Вторым человеком, сидящим на диванчике рядом с генералом, был офицер в чине подполковника – величественный, широкоплечий, очень обаятельной наружности молодой мужчина. Из-под лакированного козырька фуражки, низко надвинутой на глаза подполковника, на Станислава и Михаила смотрели его лучистые, полные задора серые глаза…
– О-о-о…. пан Войцеховский!.. Какая неожиданная встреча!.. – расплылось лицо подполковника в счастливой улыбке. По всему было видно, что он несказанно рад неожиданной встрече со Станиславом. – Только сегодня думал о пане, и нате вам, сам пан Войцеховский передо мной во всей своей красе. Dzień dobry!.. Bardzo się cieszę z naszego spotkania! – продолжал улыбаться во весь рот подполковник. – Co u Pana słychać?..
Лицо Станислава также просияло радостной улыбкой. По всему было заметно, что и ему встреча с этими господами доставила искреннее удовольствие. «И я рад нашей встрече, господа! – ответил Станислав, при этом легким кивком головы еще раз поприветствовав обоих господ разом. – А вы, господин Левитин, делаете потрясающие успехи в польском языке!» – похвалил подполковника Станислав.
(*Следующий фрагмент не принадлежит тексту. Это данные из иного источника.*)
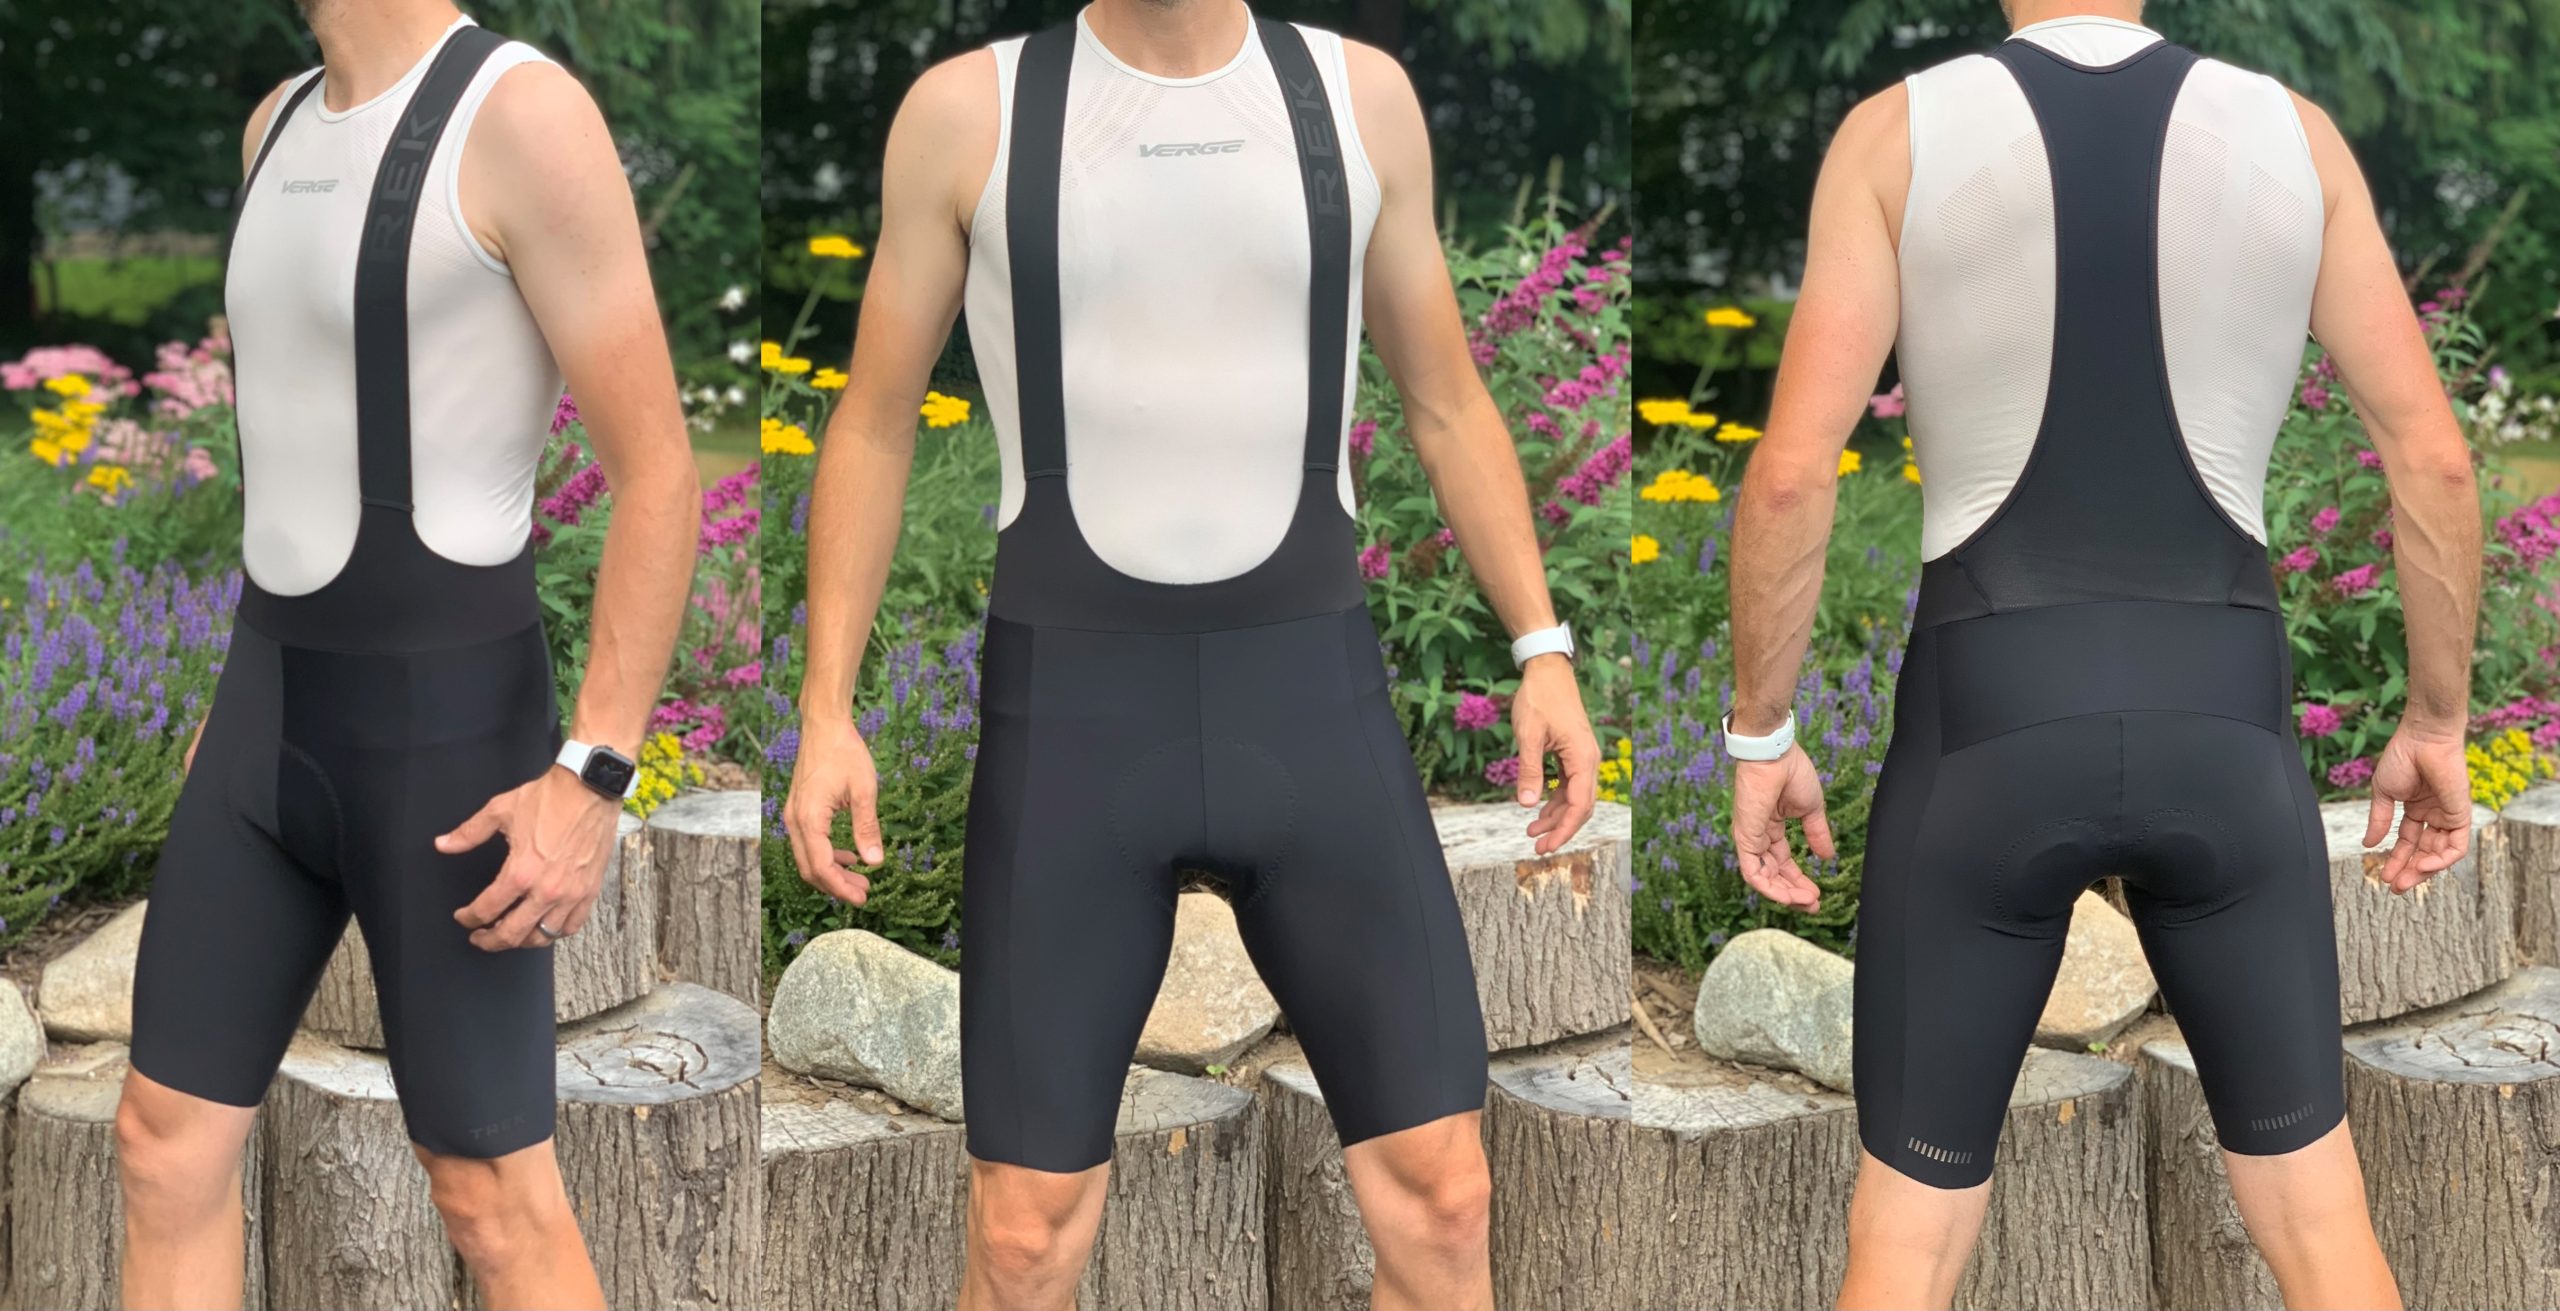 What Are The Best Bicycle Bib Shorts
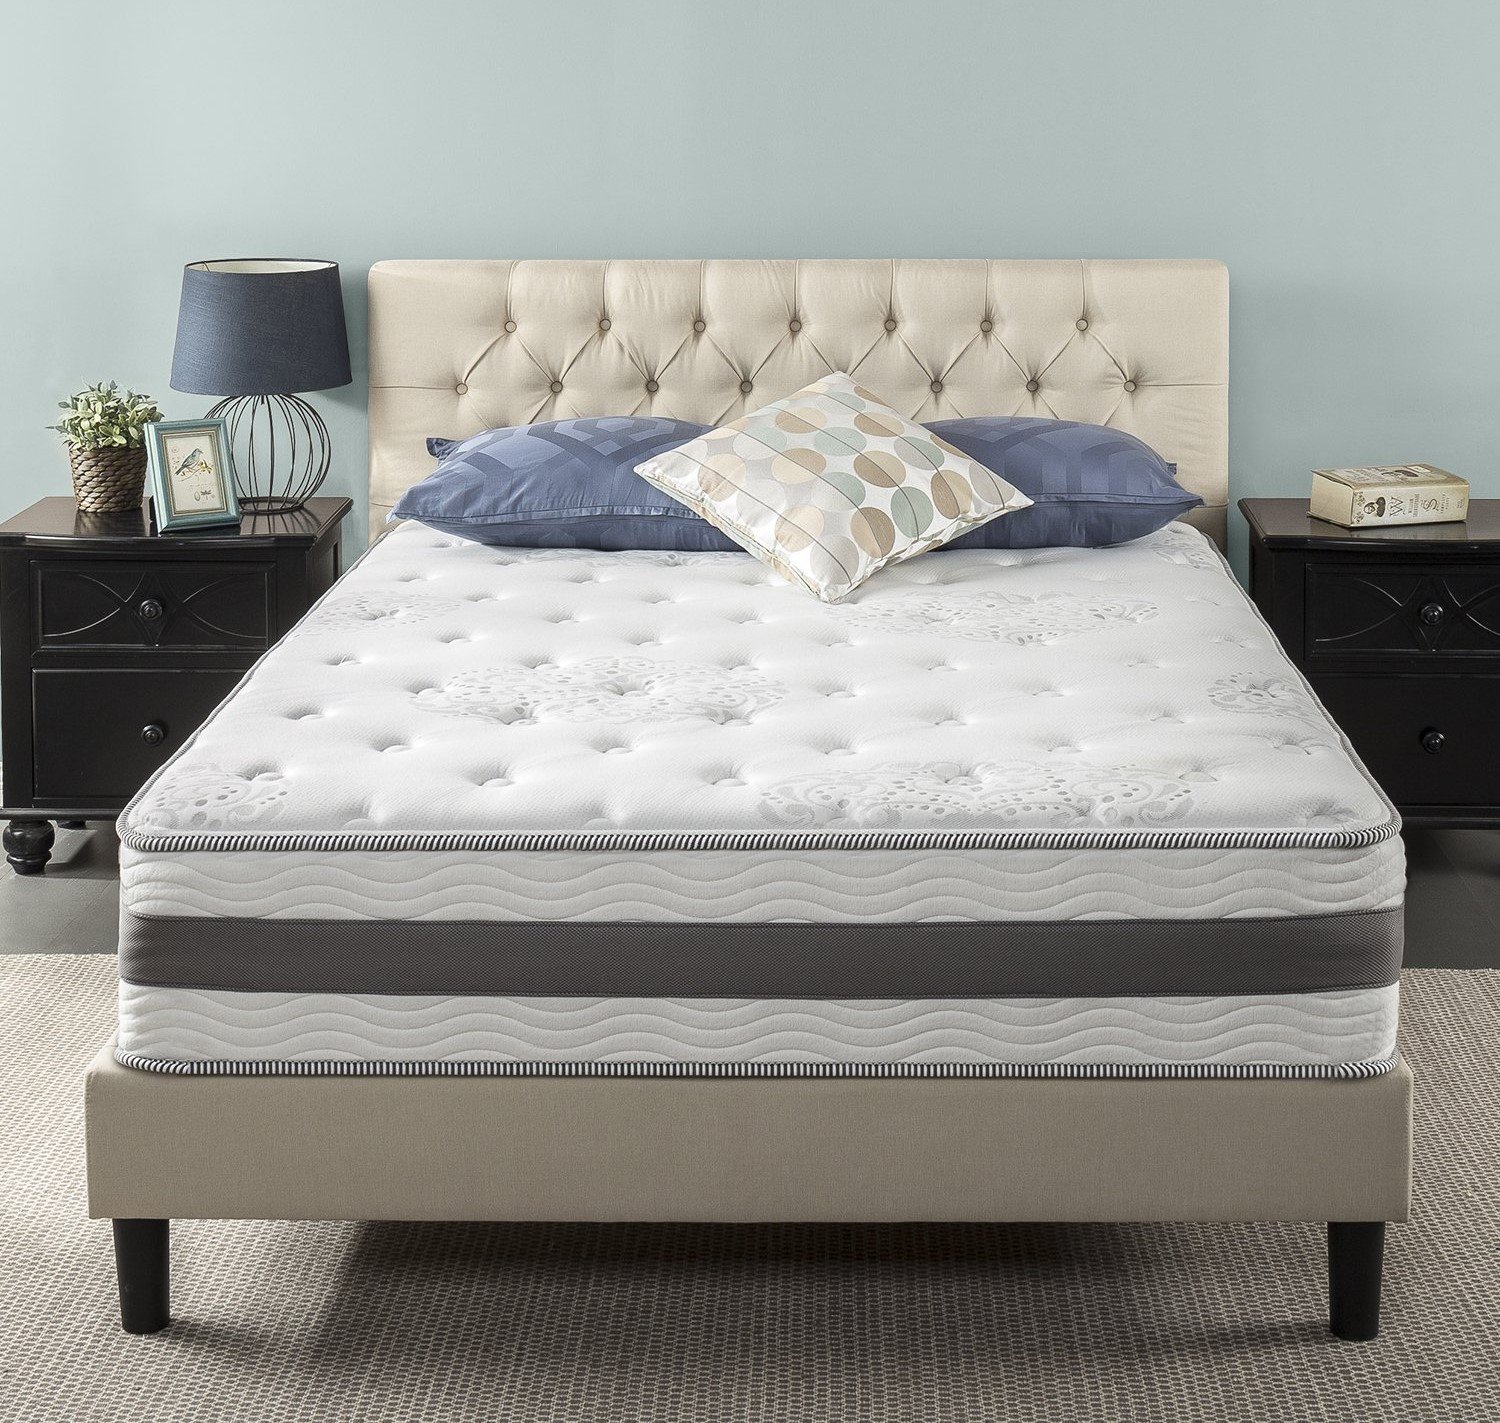 9 Tips For Buying a New Mattress In 2020
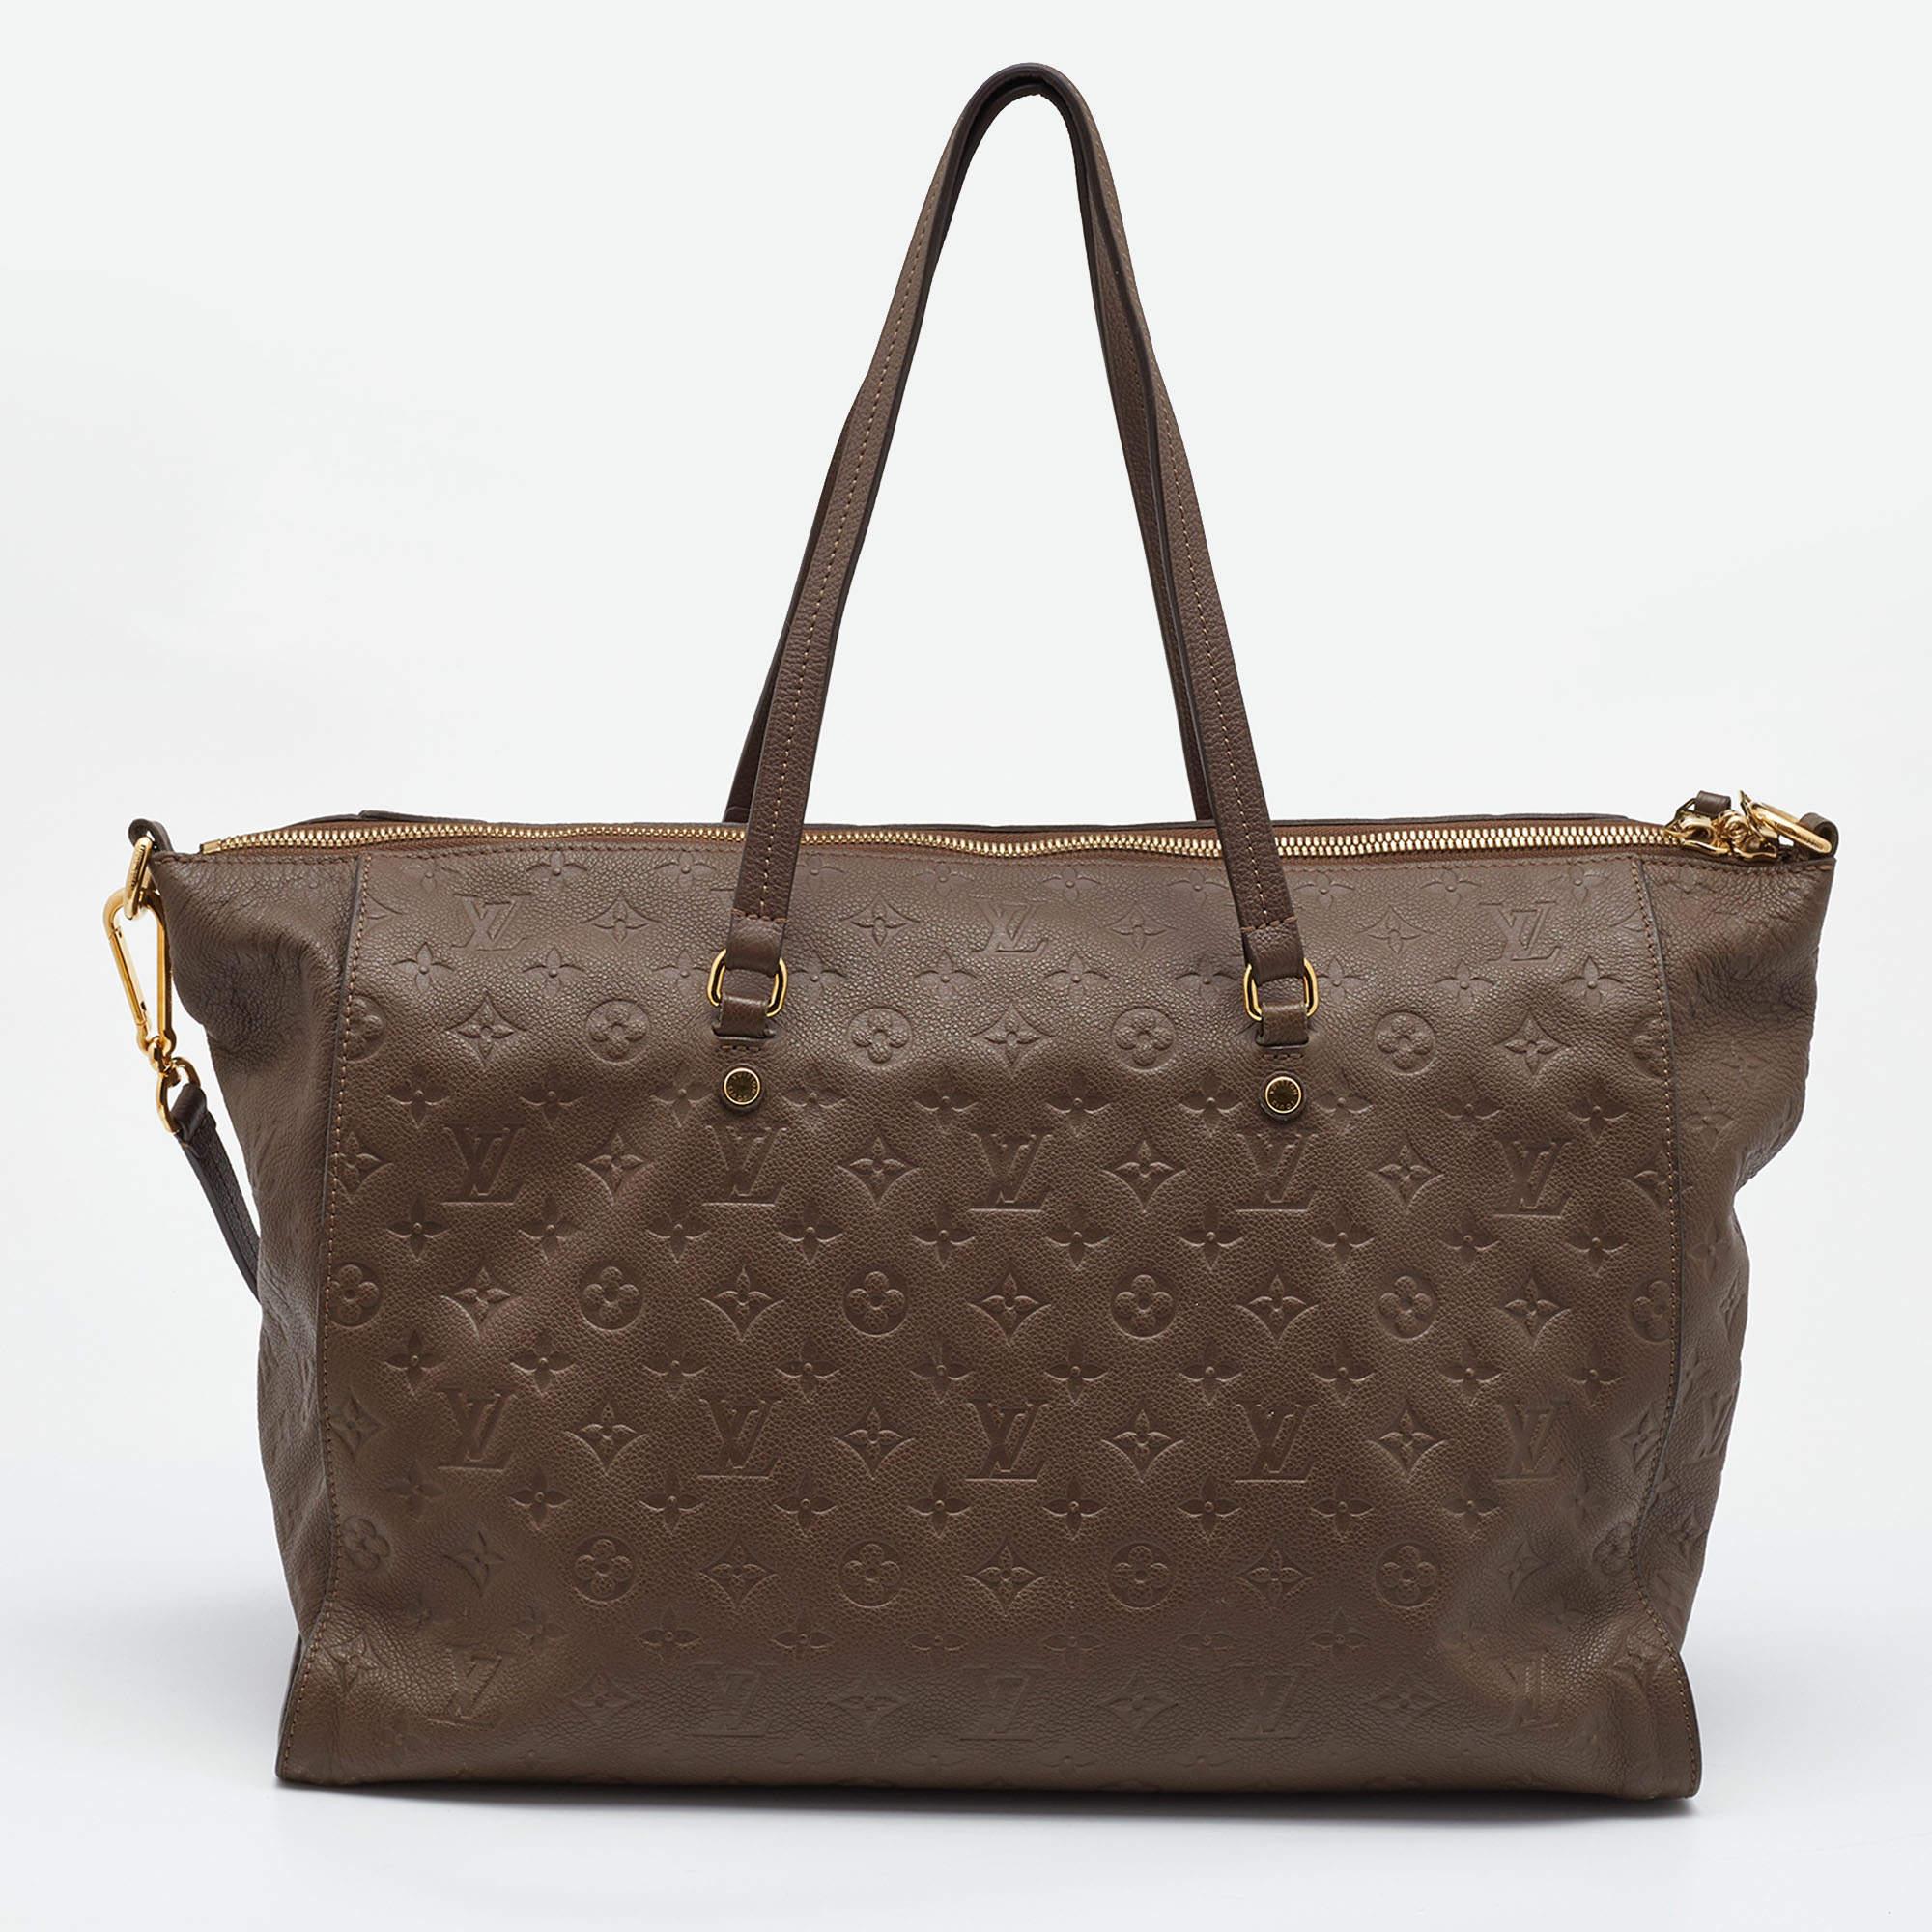 This Louis Vuitton accessory is an example of the brand's fine designs that are skillfully crafted to project a classic charm. It is a functional creation with an elevating appeal.

Includes: Original Dustbag, Detachable Strap

– Так кто учитель! Кто учитель!.. Сам пан Войцеховский! – ликующе воскликнул польщённый подполковник. – С таким учителем я польский за месяц освою!..
Станислав сделал вид, что смущён, и наигранно потупил взор…
– А я смотрю, пан Станислав со своим попутчиком при полном параде… Takie eleganckie, urocze, piękne! – продолжал подполковник практиковаться в польском языке, при этом лицо его просияло еще больше… Генерал же… только добродушно усмехнулся…
– О, да, господин Левитин, мы с моим другом, который сегодня приехал ко мне в гости, действительно при полном параде, как вы смели верно заметить. Кстати, господа, – легонько коснулся плеча Михаила Станислав, – хотел бы представить вам моего друга. Михаил Богдан… Студент Варшавского университета. Друг моего детства… Мы с ним дружны еще с гимназической скамьи…
Господа снова почтительно склонили головы в сторону Михаила… Михаил им ответил тем же…
– И куда же два роскошных друга в роскошных фрачных костюмах путь держат? – все не унимался подполковник…
– Едем на бал в имение господ Медведских. Бал в честь помолвки их дочери Эллены.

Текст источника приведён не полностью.